Dünya bize bakıyor, bizim ne söyleyeceğimizi merak ediyor.
Medyada yoksanız, yoksunuz ve yok olmaktan kurtulamazsınız,
demektir. Medyanın bütün tartışmalı, ruhsuz, ötekileştirici
yapısına ve yanlarına rağmen bu gerçek böyledir.
Bugün sütunumu, tam 17 yıl önce burada yayımlanan bir yazıma
ayırıyorum. Küçük değişikliklerle yazıyı aynen yayımlıyorum.
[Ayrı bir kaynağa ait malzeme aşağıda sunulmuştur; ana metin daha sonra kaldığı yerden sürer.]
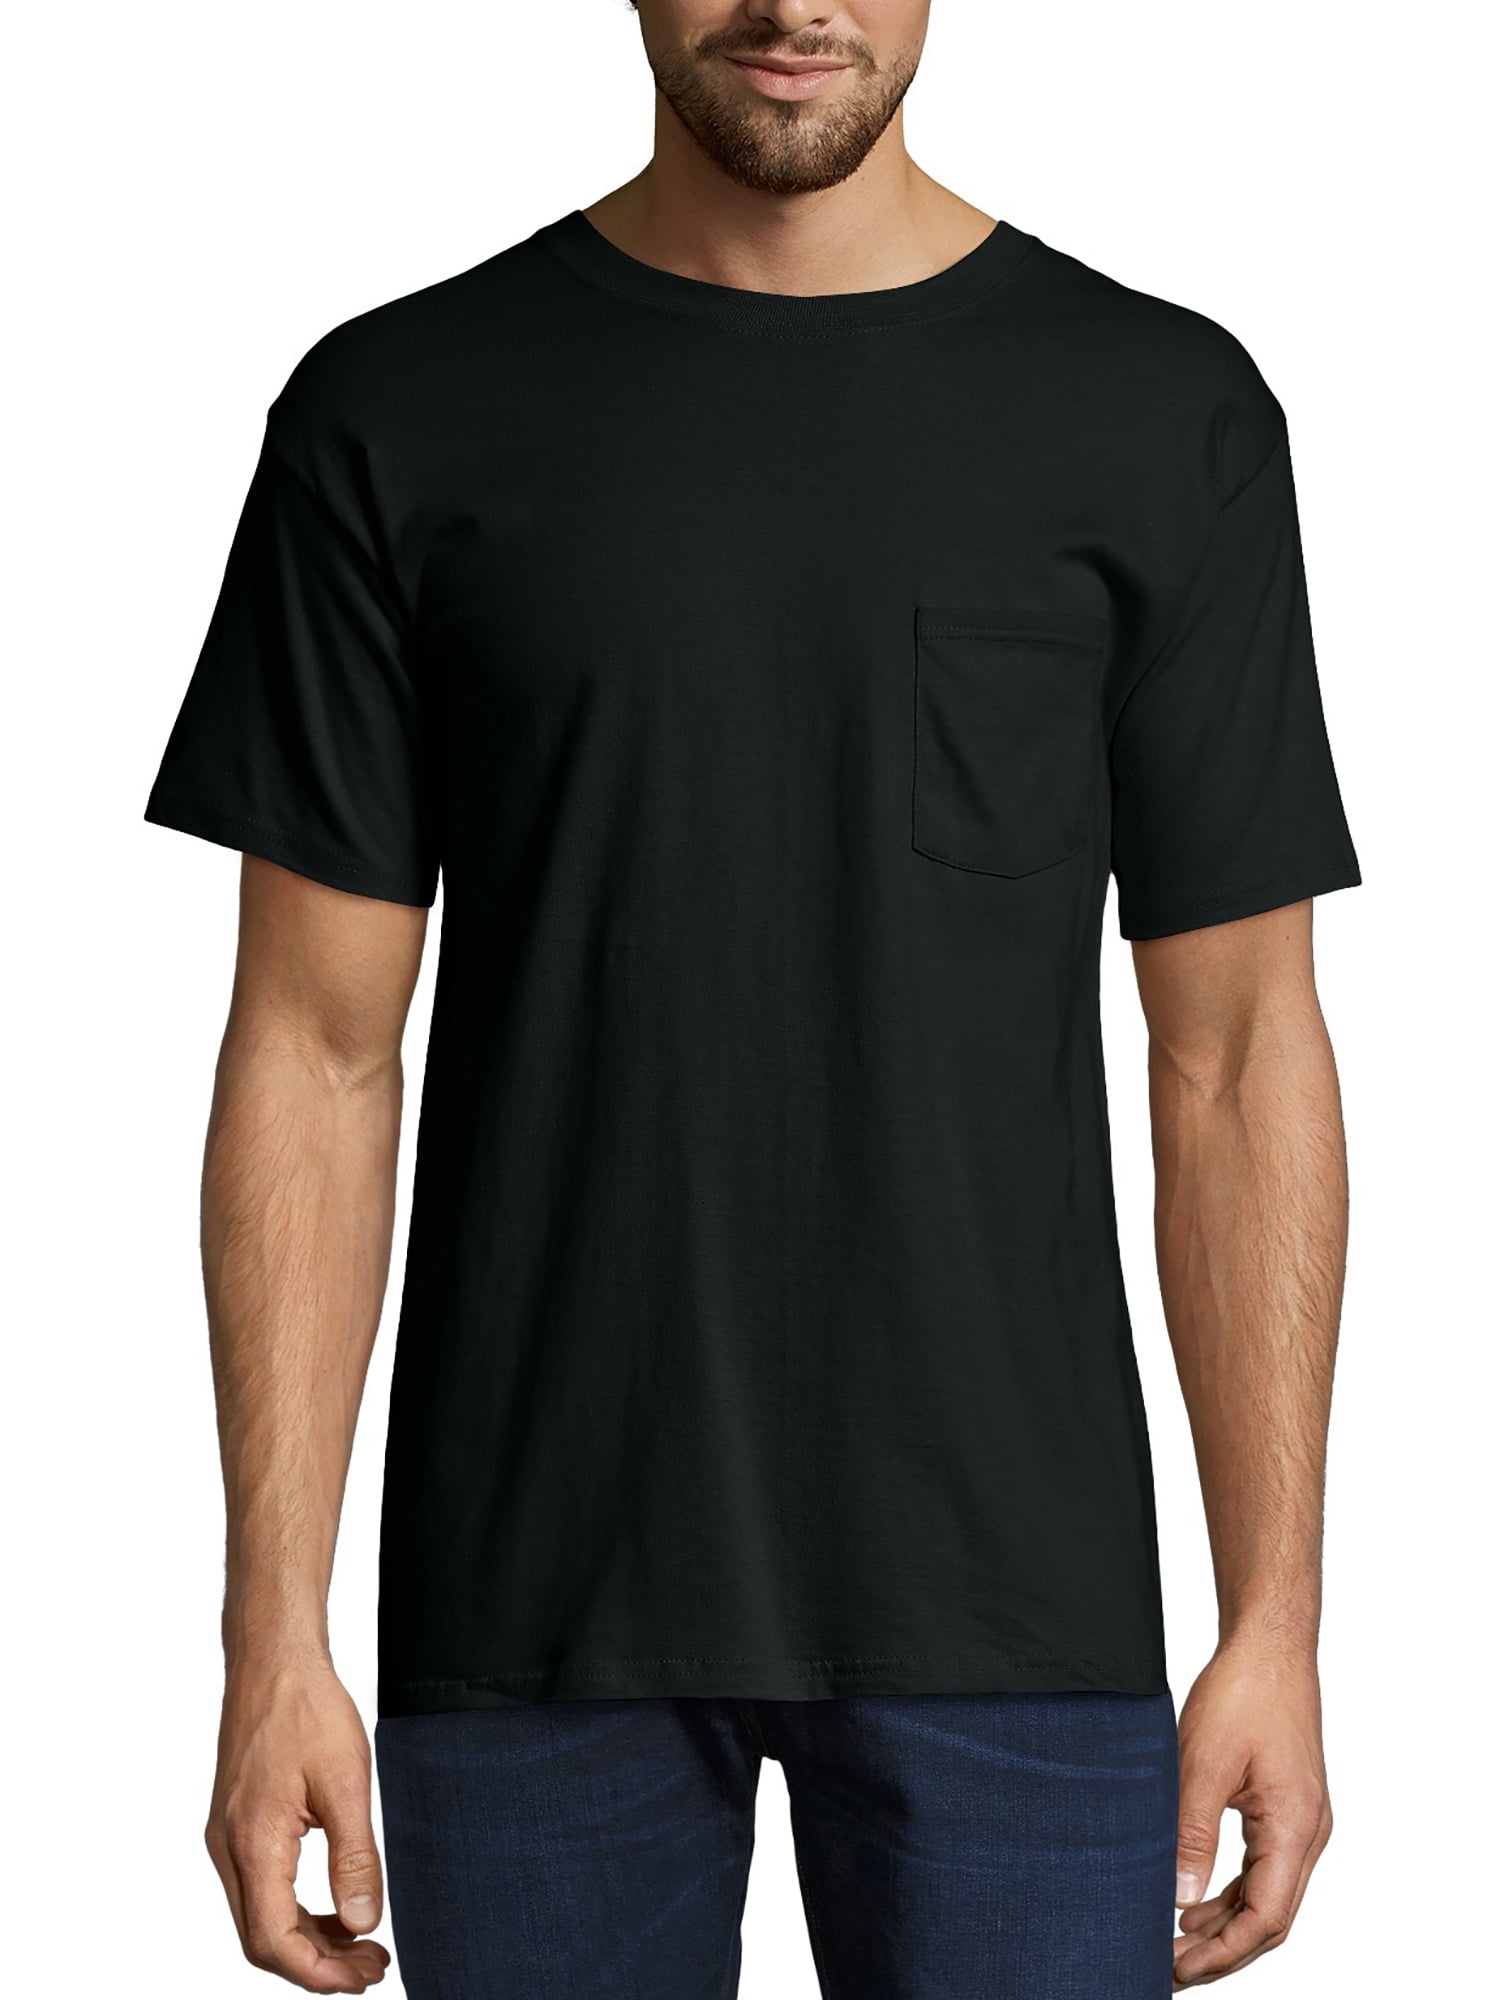 Hanes Men's Premium Beefy-T Short Sleeve T-Shirt With Pocket, up to Sizes  3XL

HABERDE VE MEDYADA "HALK" YOKSA...
Batıda gazeteciliğin doğuşu; gazetelerin geliştirdiği formatlar ve
dil ile gazeteciliğin bir kurum olarak üstlendiği işlevler
açısından Türkiye''deki gazeteciliğe bakıldığında Türkiye'de
gazetecilik değil, gazetecilikten başka, tuhaf bir şey yapıldığını
söylemek zorunda kalıyoruz.
Konuyu açıklığa kavuşturabilmek için sorunun en başından, yani
gazeteciliğin, dolayısıyla medya haberciliğinin en temel malzemesi
olan haber'den başlayalım.
İletişimcilerin pirlerinden Harold Evans'ın haber tanımı oldukça
yalın ve açıklayıcıdır.
Evans, "haber, halktır" der. Yani, haberin "baş aktör»ü, halkın
sorunları, duyarlıkları, ilgileri, beklentileri ve hatta
çıkarlarıdır.
Gazetecilik, siyasi, ekonomik ve kültürel iktidar aygıtlarına çeki
düzen veren "resmî" veya gayr-ı resmî iktidar seçkinlerinin, güç ve
çıkar odaklarının toplumun sorunları karşısında müteyakkız
olmalarını sağlamayı amaçlayan, vazgeçilmez bir sivil toplum kurumu
ve aracı'dır.
Gazeteciliğin, dolayısıyla medyanın bir kültürel kurum olarak
geliştirdiği dil ve söylemle, Batı kültürünün kendini ifade ediş
biçimleri ve bunun için geliştirilen diğer faliyet alanları ve
kurumları arasında kaçınılmaz olarak paralellikler olduğu gerçeğini
gözardı edemeyiz.
Her şeyden önce tıpkı diğer kültürel, siyasî ve ekonomik formlar,
kurumlar ve aygıtlar gibi, gazetecilik de, Batılı anlam
haritalarını, kültürel kodları yeniden üreten ve icad eden bir
kurumdur. Bu anlamda iktidar seçkinleriyle / elitlerle toplumun
sahip olduğu ortak değerlerin, anlam haritalarının örtüştüğü
tartışmaya mahal vermeyecek kadar apaçık bir gerçektir.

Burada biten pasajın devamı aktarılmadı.